### MATERIAL PROVIDED

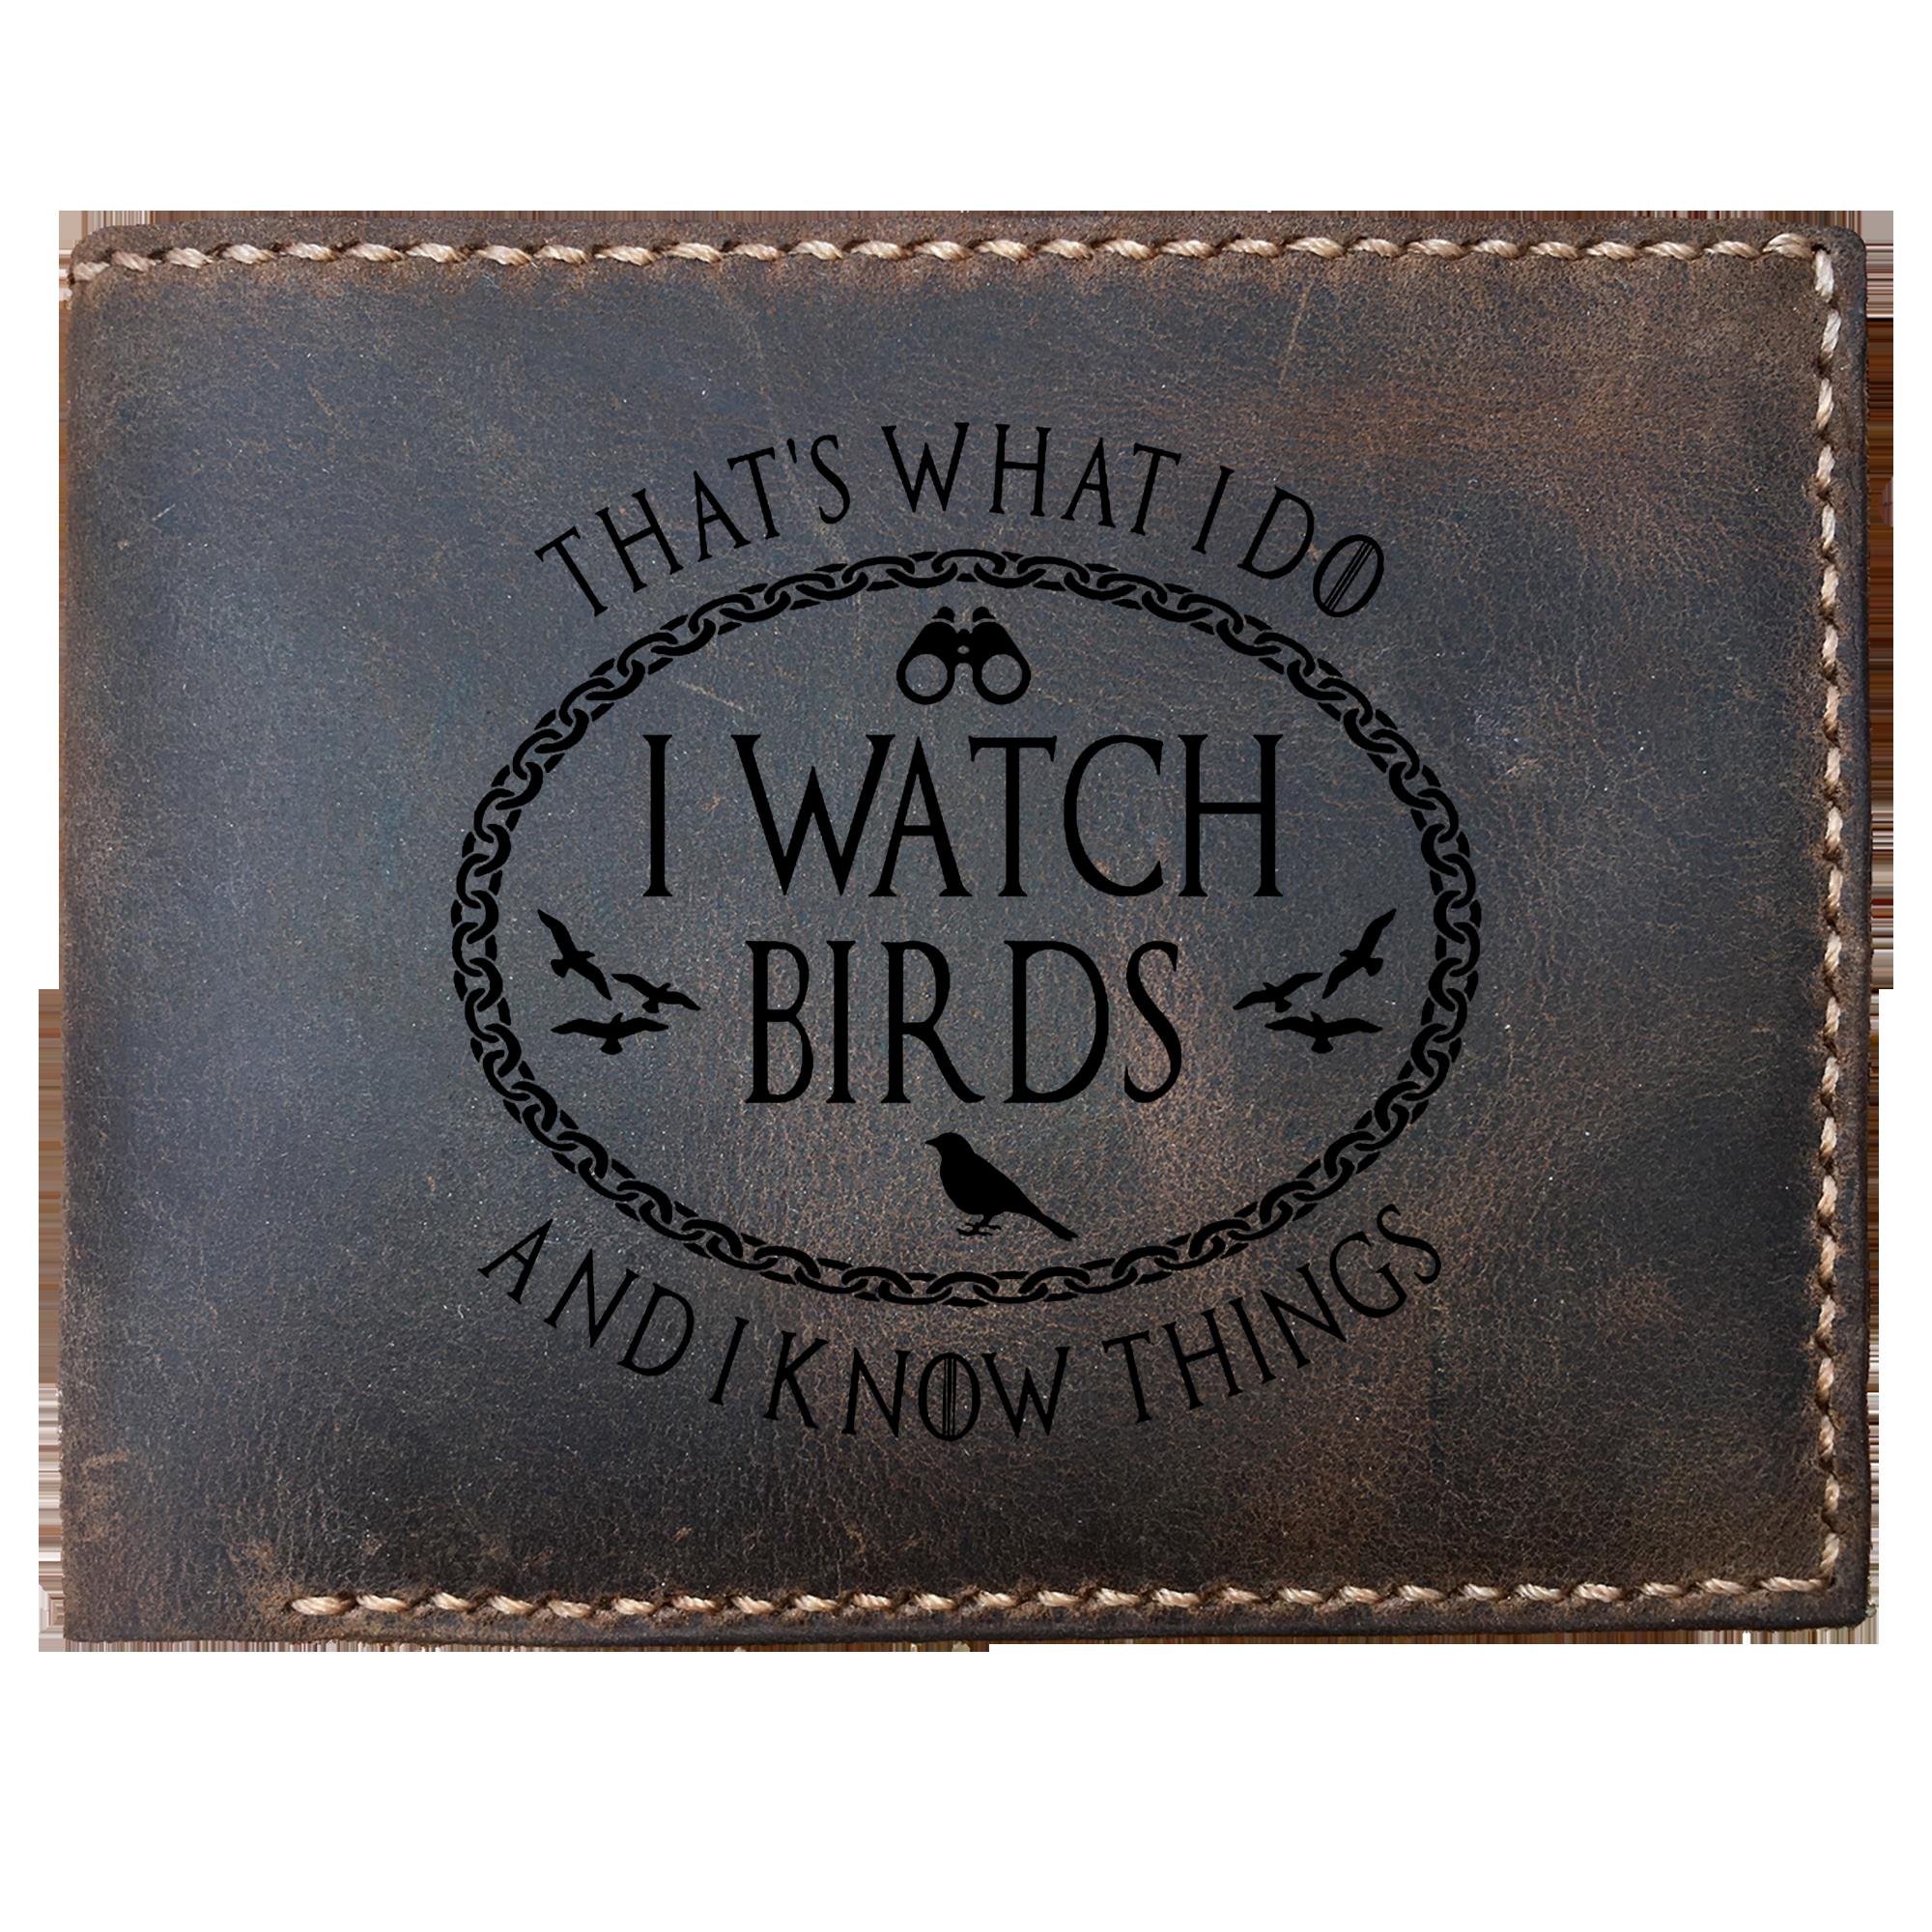 Skitongifts Funny Custom Laser Engraved Bifold Leather Wallet For Men, I Watch Birds And I Know Things Parody Birdwatching
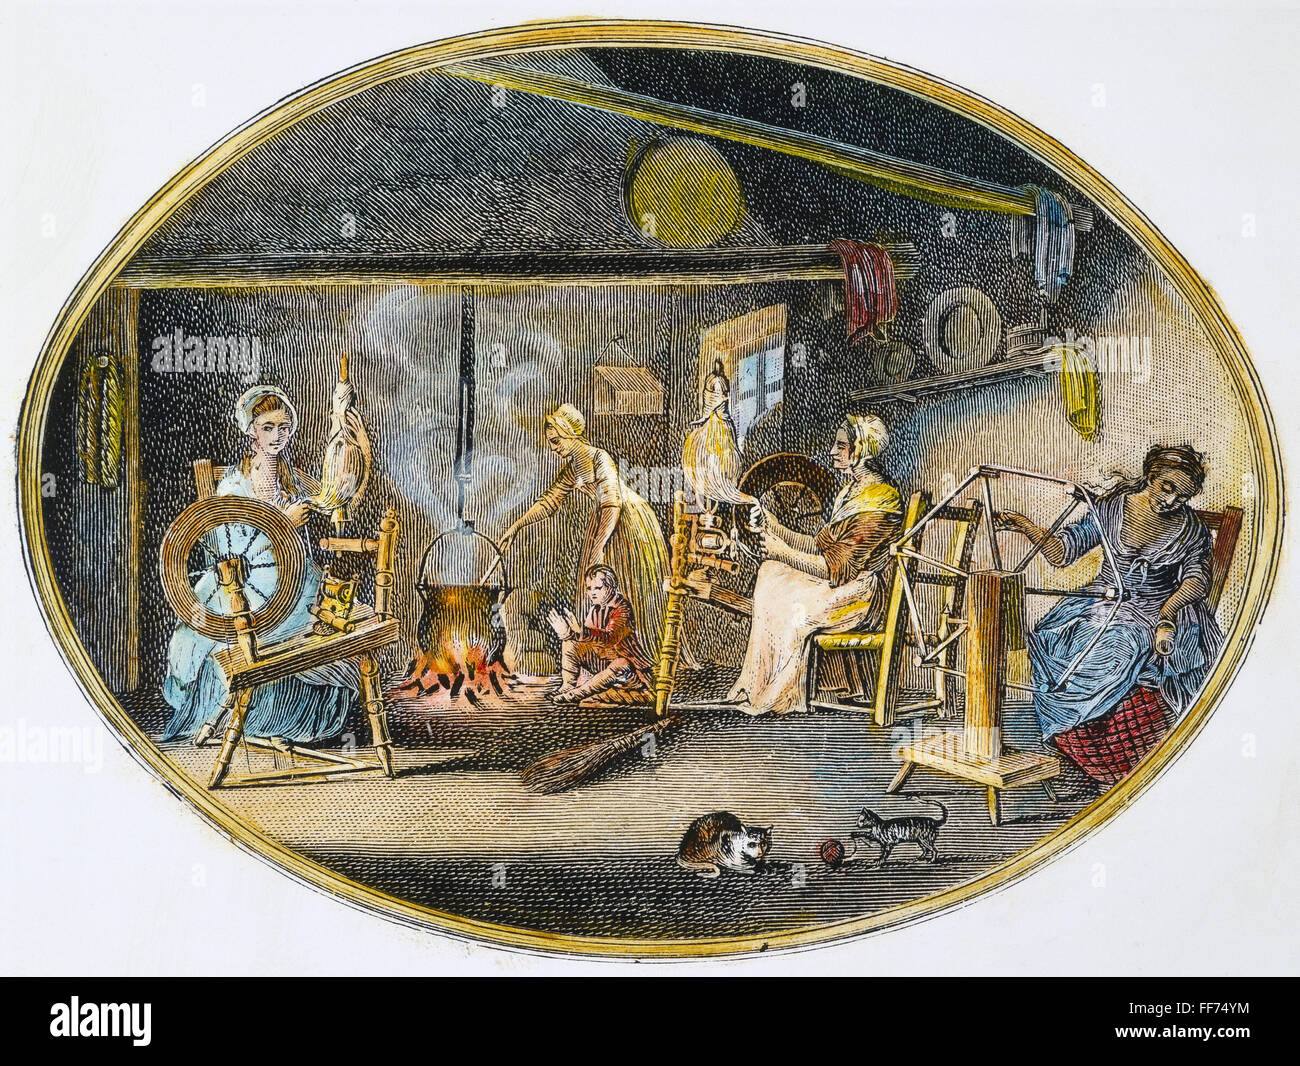 LINEN MANUFACTURE, 1783. /n'Spinning - reeling with the clock-reel - boiling yarn.' Engraving illustrating the Irish linen manufacture in County Down, Ireland. Stock Photo
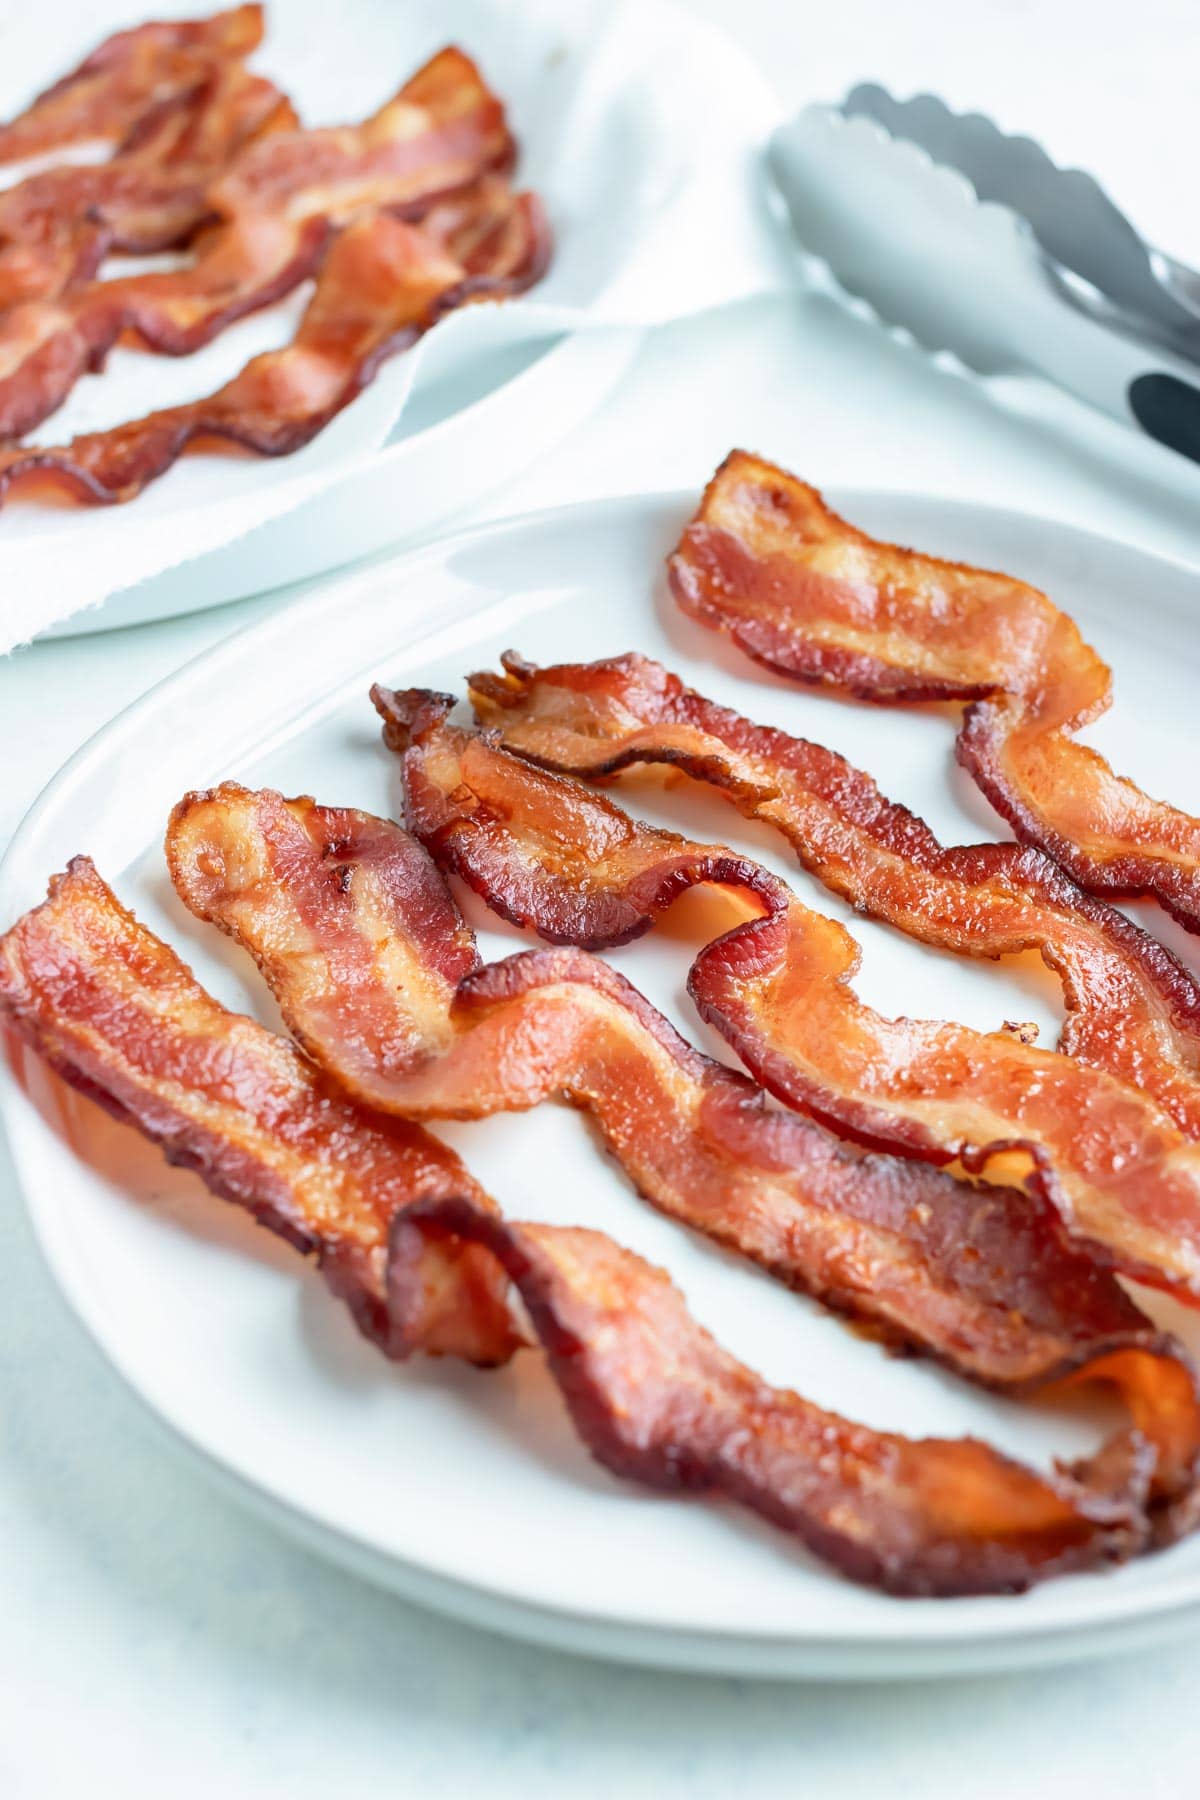 Extra crispy bacon is served on a plate.
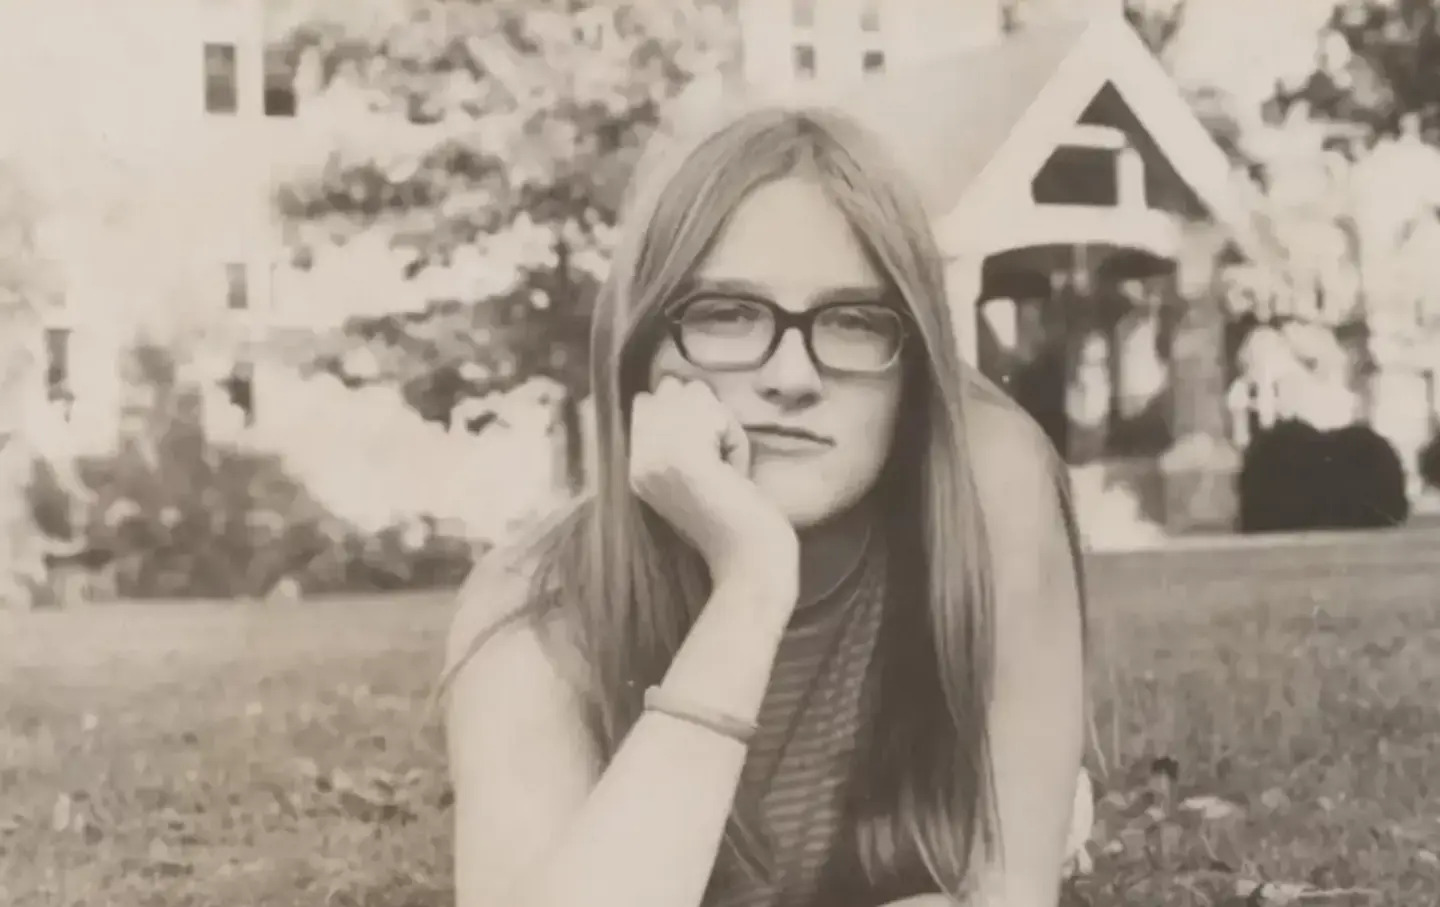 Drew Faust on Growing Up in the ’60s

######

Each line from the one with "LINEN MANUFACTURE, 1783." to the end of the material needs to be output word for word, with no picture included.

 LINEN MANUFACTURE, 1783. /n'Spinning - reeling with the clock-reel - boiling yarn.' Engraving illustrating the Irish linen manufacture in County Down, Ireland. Stock Photo
 Extra crispy bacon is served on a plate.
 Drew Faust on Growing Up in the ’60s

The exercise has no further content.